Selected case law on the GmbHG

Selected case law on the GmbHG

Attendance quorum and contestation (OGH 28.08.2013, 6 Ob 59/13i)
General meeting despite incorrect convocation (OGH 23.10.2015, 6 Ob 65/15z)
GmbH articles of association curing a formal defect (OGH 23.02.2016, 6 Ob 207/15g)
Option agreement – assignment of a GmbH share (OGH 26.11.2015, 6 Ob 215/15h)
Liability of the managing director of a GmbH (OGH 31.07.2015, 6 Ob 139/15g)
No continuation of a dissolved company (OGH 19.03.2015, 6 OB 10/15m)
Limitation period for claims for compensation (OGH 23.02.2016, 6 Ob 171/15p)
Excursus GewO

Attendance quorum and avoidance (OGH 28.08.2013, 6 Ob 59/13i)
If a shareholder is duly invited to the general meeting but does not attend the general meeting and therefore does not raise an objection, he is not entitled to bring an action for avoidance. This also applies if statutory or contractual minimum attendance quorums were violated when a general meeting resolution was passed.

General meeting despite incorrect convocation (OGH 23.10.2015, 6 Ob 65/15z)
If, contrary to Section 36 GmbHG, the general meeting is not convened by the managing director of the company but by shareholders who hold a majority of the company shares, this does not constitute an absolutely void resolution. This lack of convocation represents an irrelevant defect within the meaning of the relevance theory, as neither the shareholder’s information nor participation rights are violated. In the case in question, the contesting shareholder not only knew about the general meeting, but also attended it and objected to both the dismissal as managing director and the appointment of the new managing director.

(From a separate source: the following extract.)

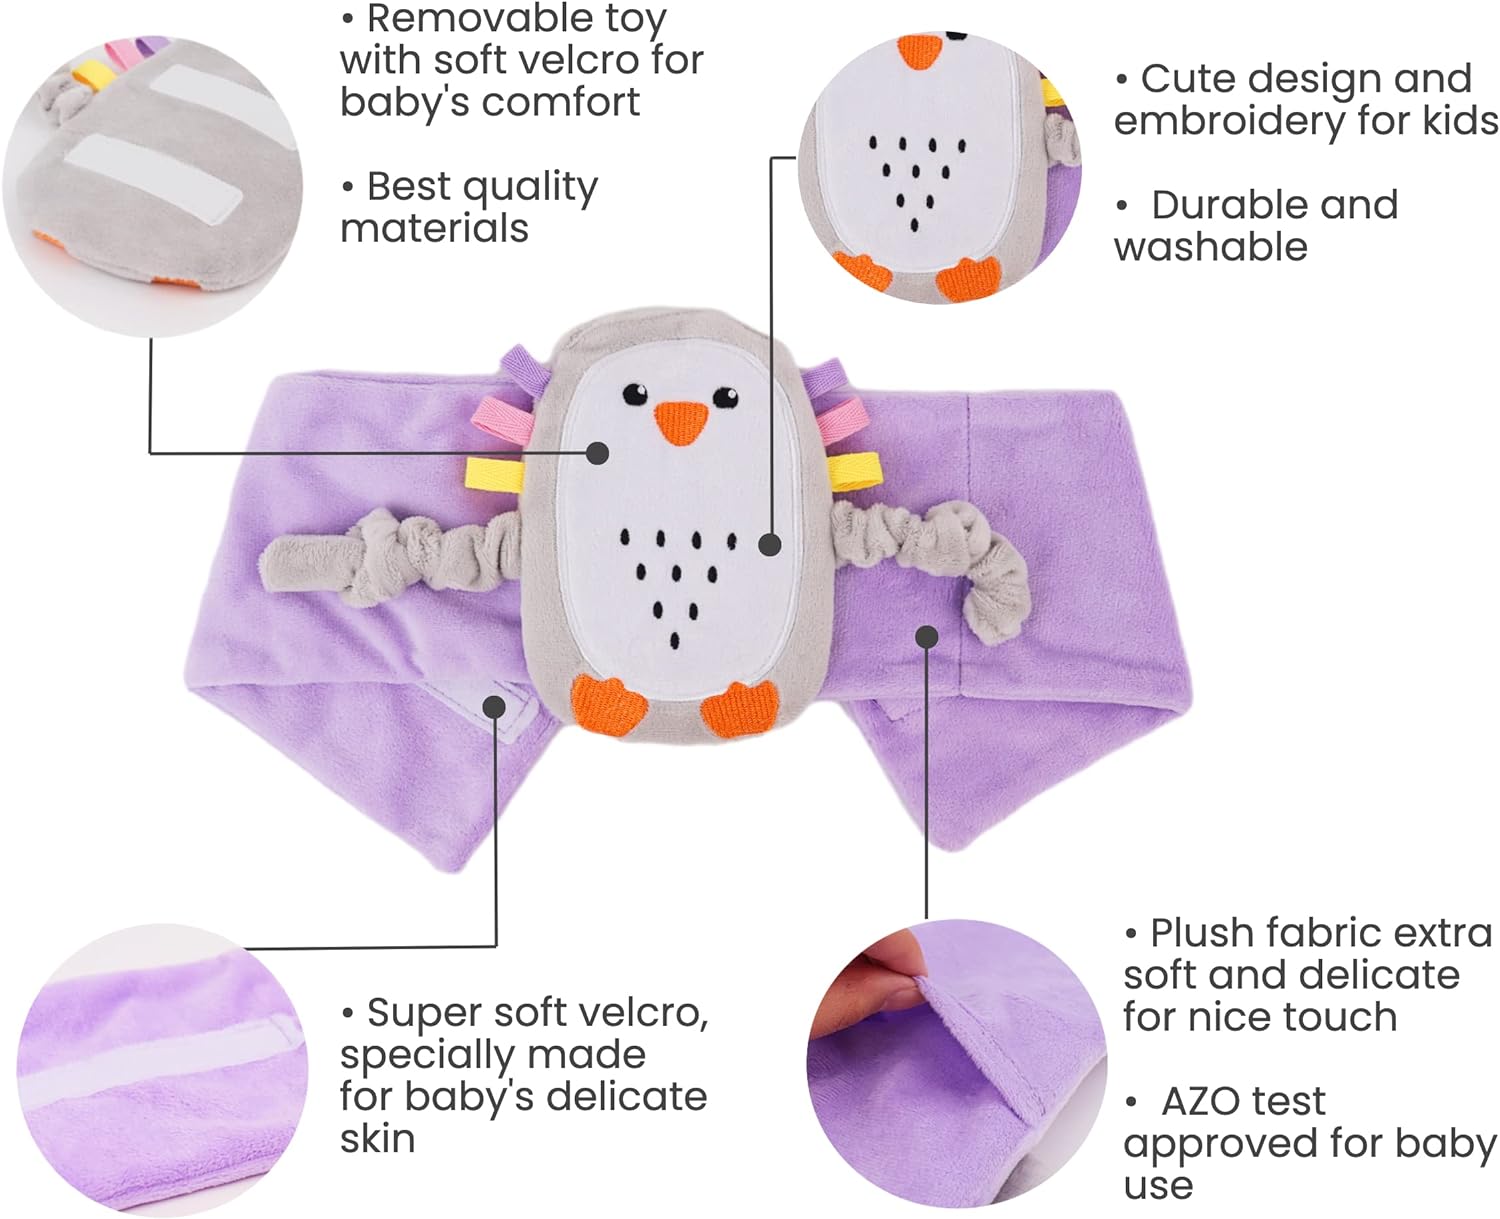 Superse Colic and Gas Relief for Newborns - Colic Calm Baby Heating Pad Belly Band for Upset Stomach and Baby Reflux - Warm Aroma Stomach Band for Fussy Infant Gas with Washcloth (Purple Penguin)

GmbH articles of association curing a lack of form (OGH 23.02.2016, 6 Ob 207/15g)
A lack of form in the articles of association of a GmbH is cured by the legally binding entry in the commercial register, which is intended to protect legal transactions. In the case in question, the notary’s certification of the formal requirements was incorrect. This circumstance should not mean that the validity of the articles of association can be disputed years later.

Option agreement – assignment of a GmbH share (OGH 26.11.2015, 6 Ob 215/15h)
If there are several references in the option agreement to a notarized assignment agreement still to be concluded, the wording in the option agreement that the GmbH has the right to “demand” the assignment of the share and to “take up” the share must be understood to mean that the transfer of the share does not take place through a unilateral declaration by the GmbH, but that the conclusion of an assignment agreement is still required.

Liability of the managing director of a GmbH (OGH 31.07.2015, 6 Ob 139/15g)
The provision of Section 25 GmbHG is a mandatory provision, meaning that it applies to all managing directors regardless of the internal structure of their legal relationship with the company. § Section 25 GmbHG therefore excludes the application of the DHG for those employees of a GmbH who are also its managing directors. Any agreement that would exclude a managing director from any involvement in the management of the company is invalid from the outset. Even a conspicuously low remuneration – at best indicating the mere status of a “straw man” – does not release the managing director from his obligations under company law. Failure to monitor the financial situation of the company (over-indebtedness and insolvency) is the responsibility of the managing director, so that he is liable pursuant to § 25 para. 3 no. 2 GmbHG, regardless of whether he actually exercised his function as a director or limited himself to the role of a straw man. An internal allocation of tasks between the managing director and a third party acting as a de facto managing director cannot exculpate the managing director in this respect.

No continuation of a dissolved company (OGH 19.03.2015, 6 OB 10/15m)
A dissolved company cannot be continued, not even in the course of a supplementary liquidation. In the case of a corporation that has already been dissolved pursuant to Section 40 FBG due to a lack of assets, there is no possibility of continuation. If the existence of assets is established after the deletion, a supplementary liquidation must be carried out in accordance with § 40 para. 4 FBG.

Limitation period for compensation claims (OGH 23.02.2016, 6 Ob 171/15p)
The five-year limitation period of Section 25 para. 6 GmbHG applies analogously to compensation claims of a GmbH & Co KG against the managing director of the general partner company.

Excursus GewO:
If a request is sent to a company as a trader in accordance with § 91 Para. 2 GewO, swift action is required to prevent the withdrawal of the trade license. The first step is to check whether the unreliable shareholder actually has a significant influence on the company and what this influence is based on. The shareholder in question must then be removed within the deadline set by the authorities so that they no longer have a significant influence. The impending withdrawal of the company’s business license, for example, constitutes good cause to remove the “unreliable” shareholder’s ability to exert influence. This important reason must be explicitly agreed. In this respect, it is advisable to provide for an exclusion option in the articles of association for good cause, which defines the impending removal pursuant to § 91 para. 2 GewO 1994 as good cause to avoid ambiguity and also enables a quick partial exclusion.